Words from William Wordsworth’s poem “My Heart Leaps Up” came warmly to my mind recently – and with the coming of another Father’s Day seem worth sharing.

Wrote the wordsmith in 1802: “The Child is father to the Man.”

Perhaps more famously, given the influence of Hollywood’s silver screen, in the 2006 film “Superman Returns,” Jor-El – father of Kal-El, who becomes Superman on planet Earth – tells his boy: “The son becomes the father and the father becomes the son.”

Enjoying pizza, and a role reversal, in NYC.

Enjoying pizza, and a role reversal, in NYC.

So it was when I visited my own Kal-El in New York City; in many ways the 27-year-old son and the 56-year-old father reversed roles.

I embraced this turnabout as happily as I embraced him at the airport. In fact, his surprise greeting at baggage claim was the beginning of “The Child is father to the Man.”

You see, I was going to take the subway from JFK and meet my son at his apartment in Lower Manhattan. However, he was worried about me navigating the subway system and thus covertly trekked out to meet me. A very father-like thing.

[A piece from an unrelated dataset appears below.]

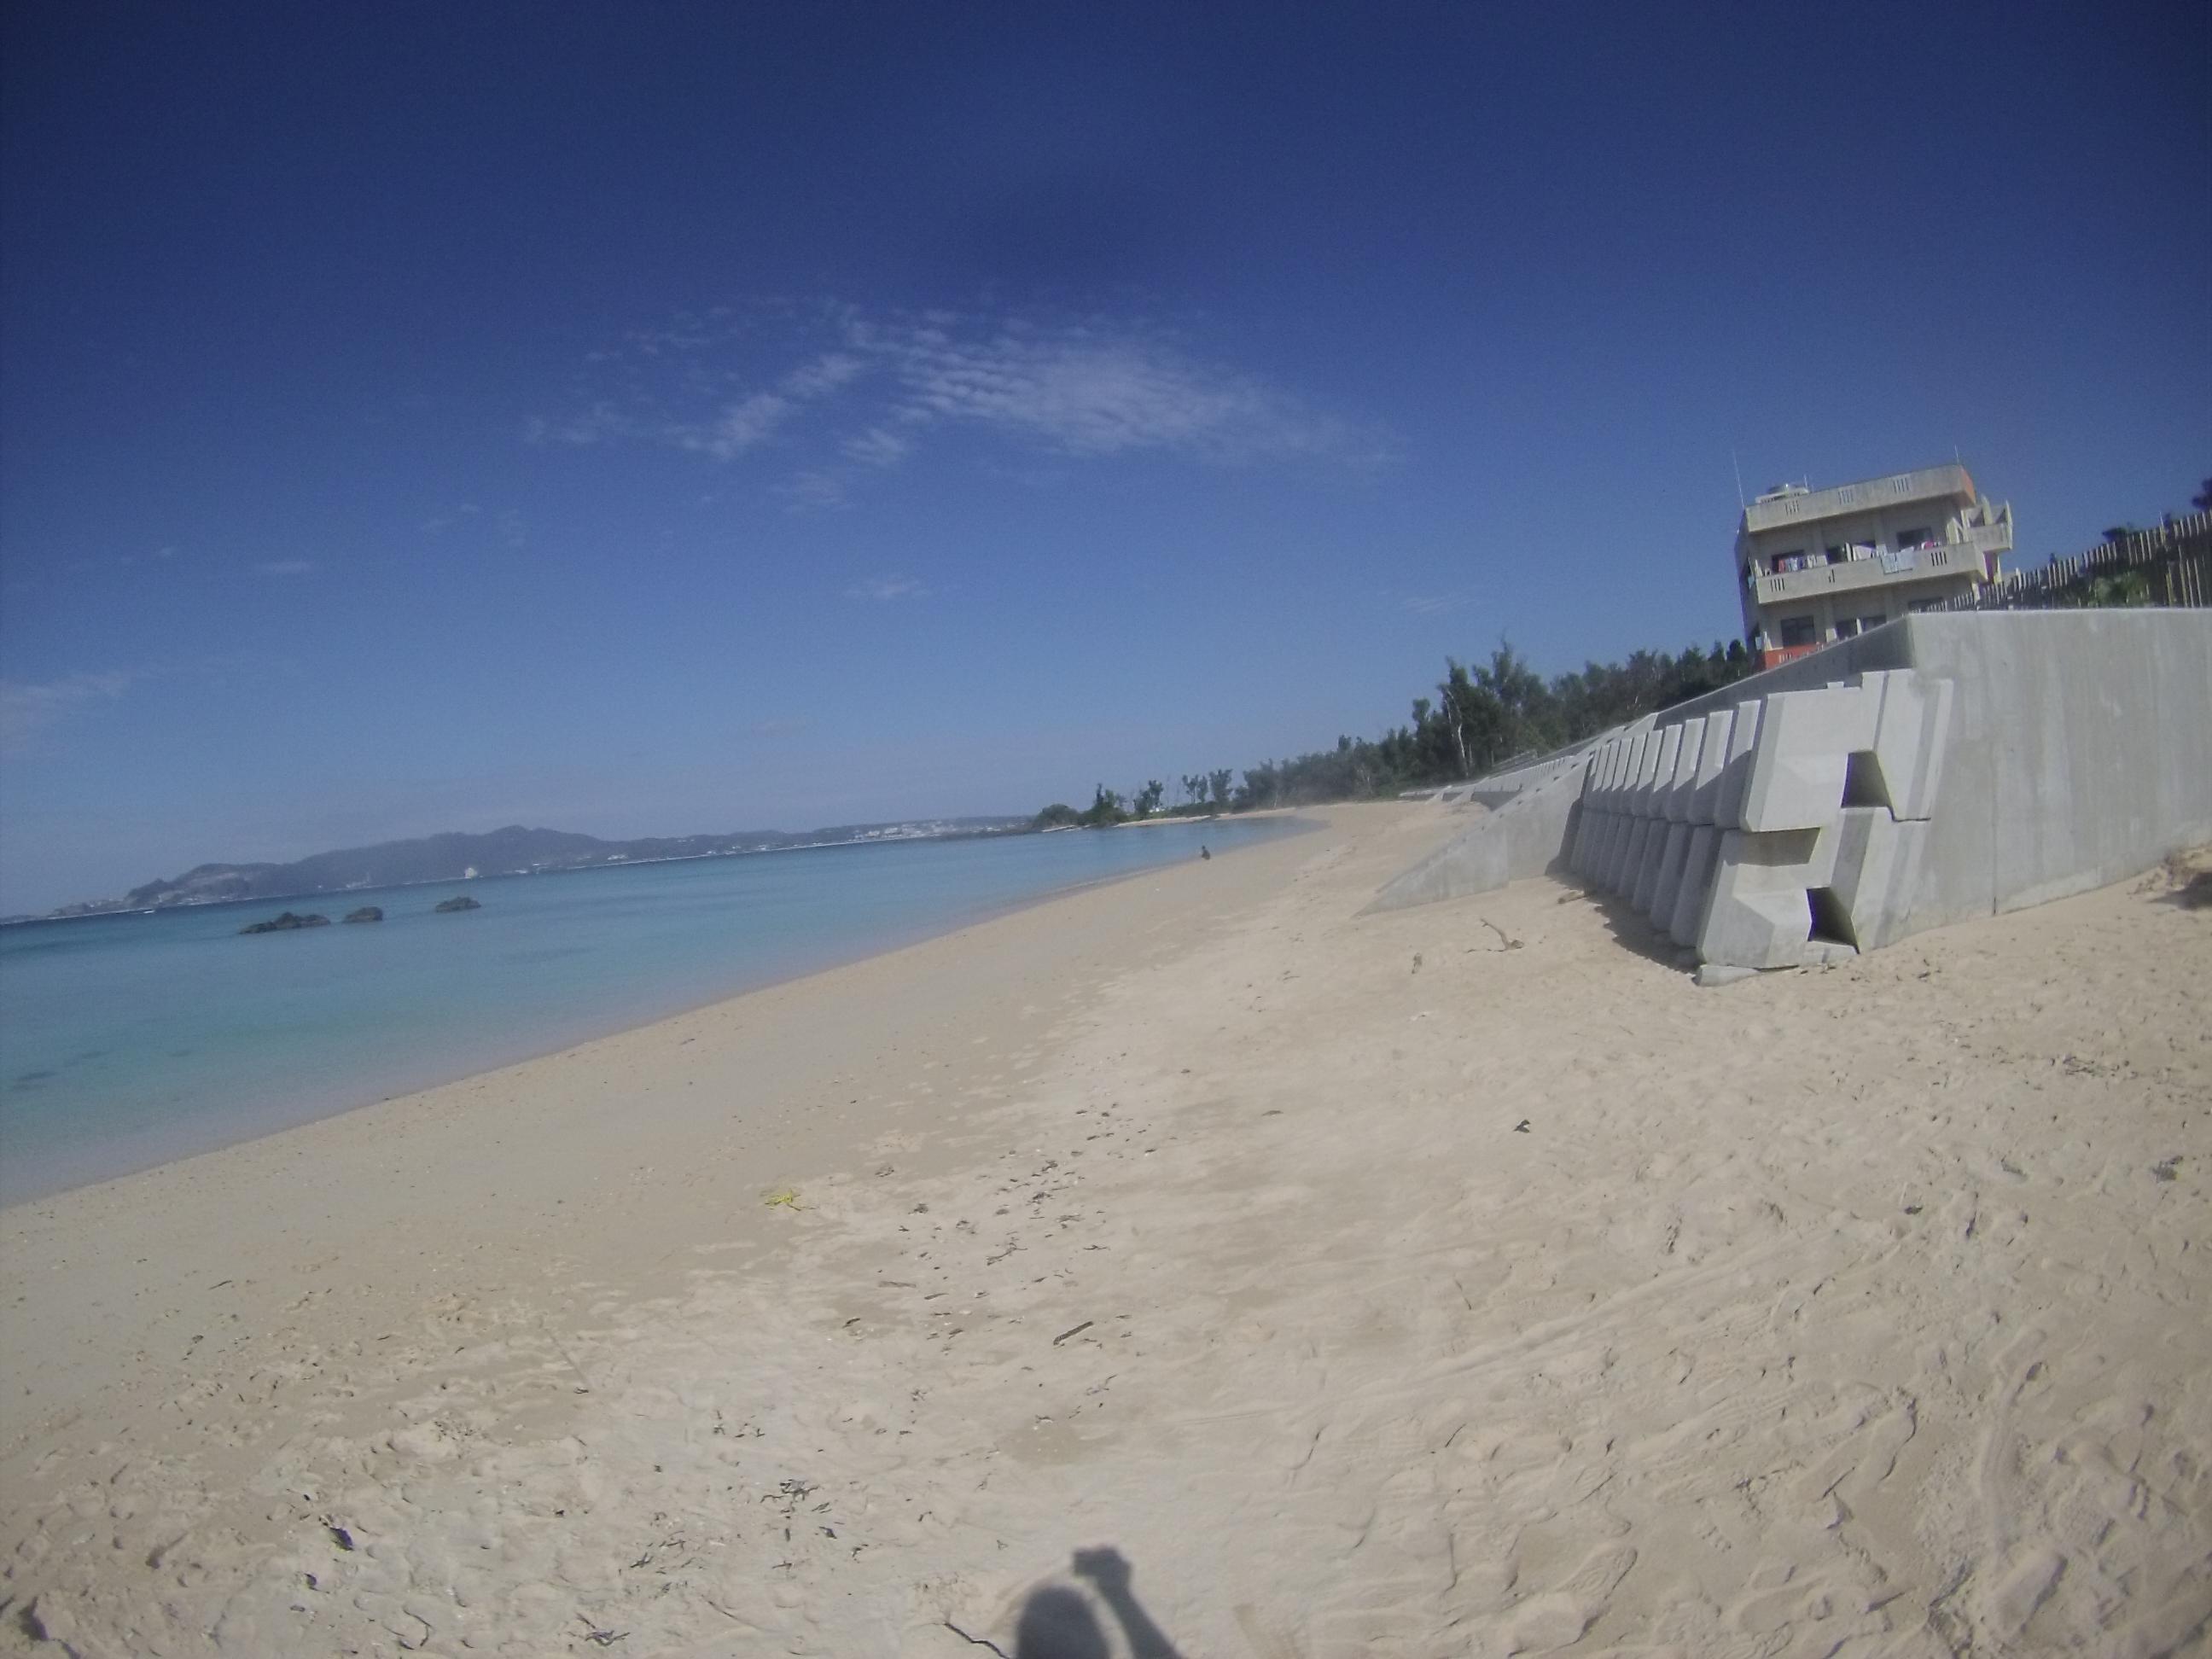 NICE SEND BEACH

So it was the rest of my visit. My son insisted on carrying my luggage, gave me his bed, lent me the jacket off his back when the night air turned cold.

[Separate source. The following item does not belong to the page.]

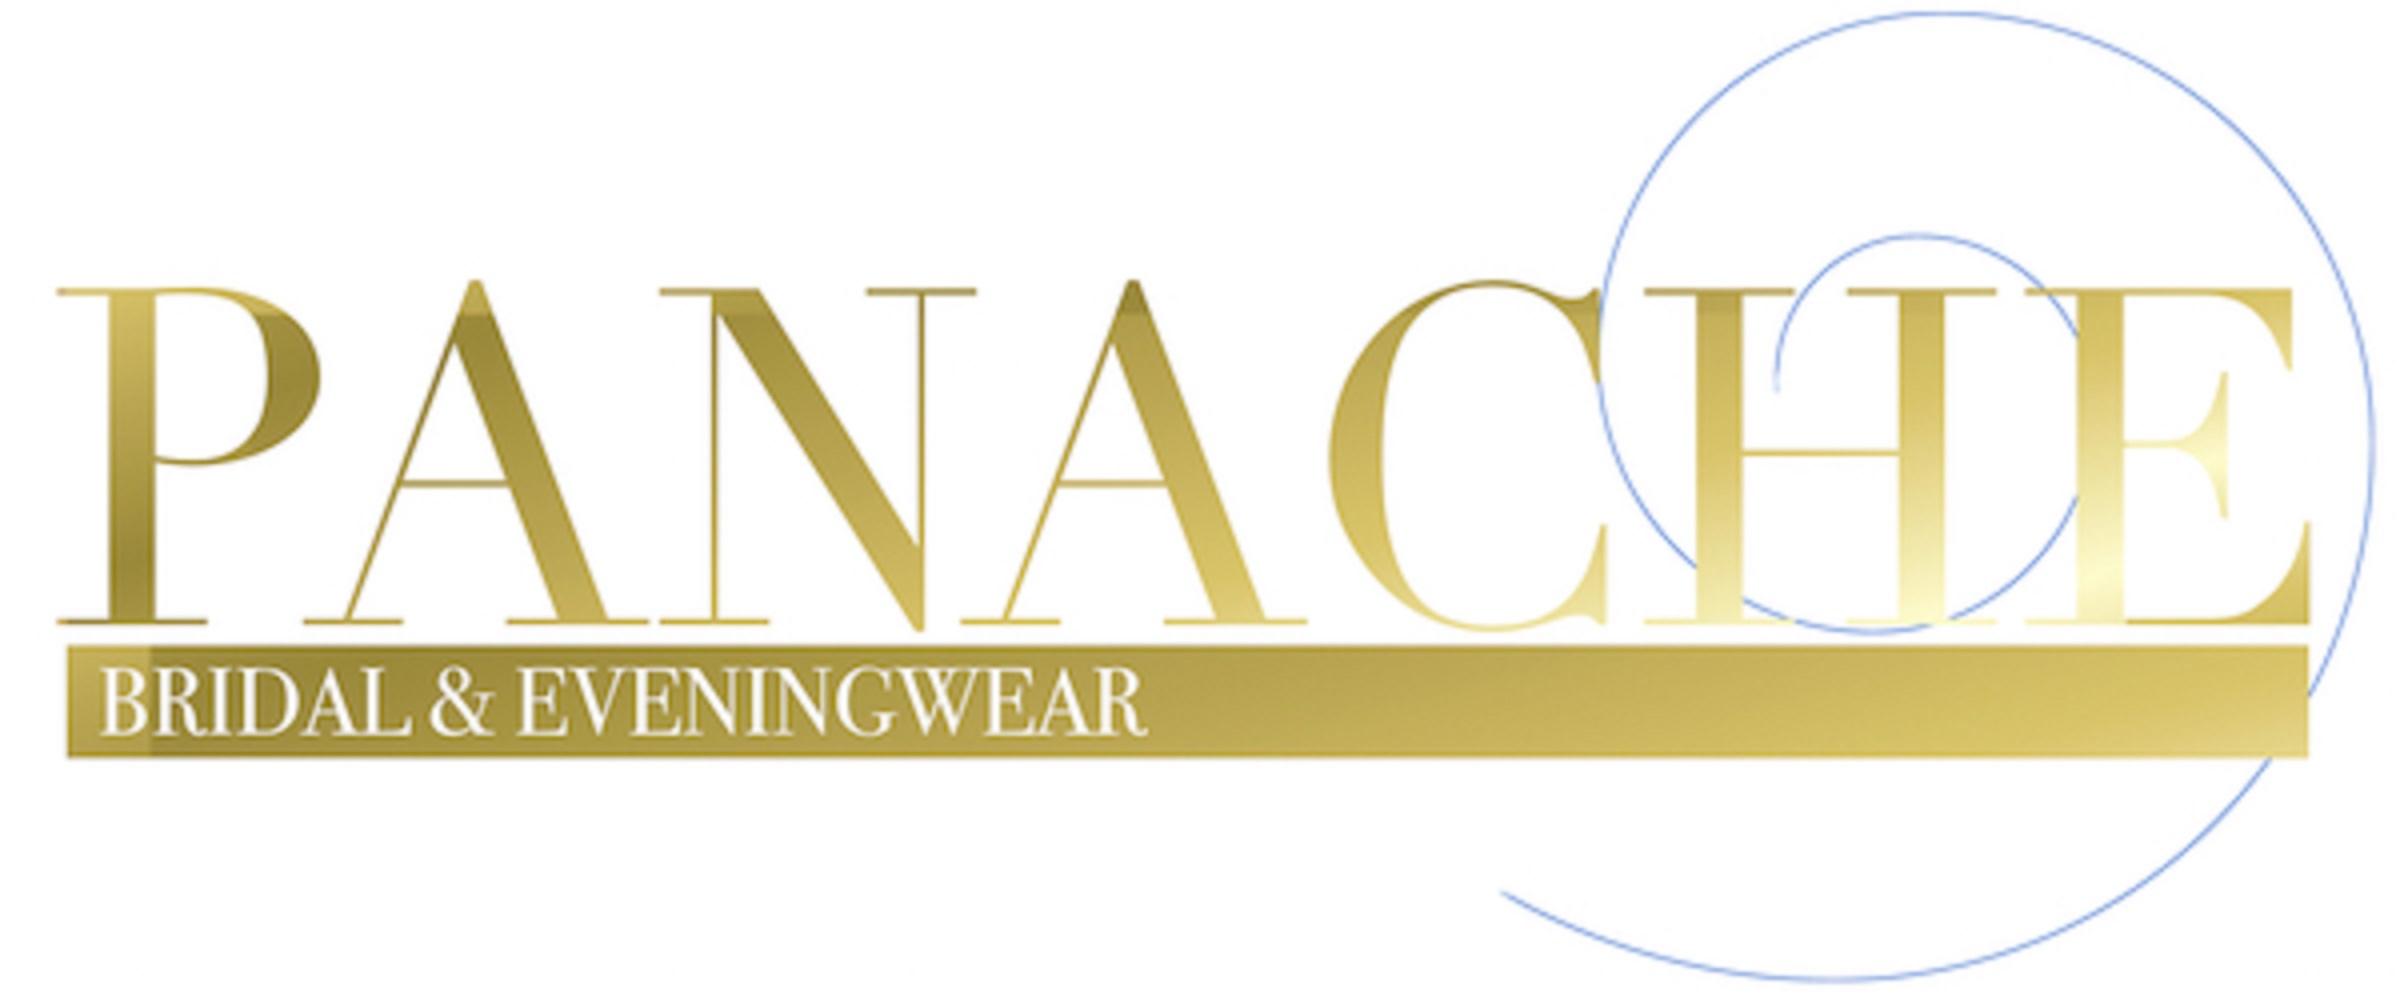 panache logo real500.jpg

The most dramatic way my Child was father to this Man occurred my first full day there. Just as I used to take my son to Ventura’s now shuttered H.P. Wright Library, he was taking me to the venerable New York Public Library.

Getting on the subway, however, I got a “Welcome-to-New-York” shove from behind just as the doors were closing. Unable to shut because of the rugby-like scrum, the doors instantly jerked back open.

My right index finger, somehow, got pulled into the slit where the sliding door recedes. The result was like a carrot meeting a potato peeler. Quick pressure with a napkin largely stanched the bleeding.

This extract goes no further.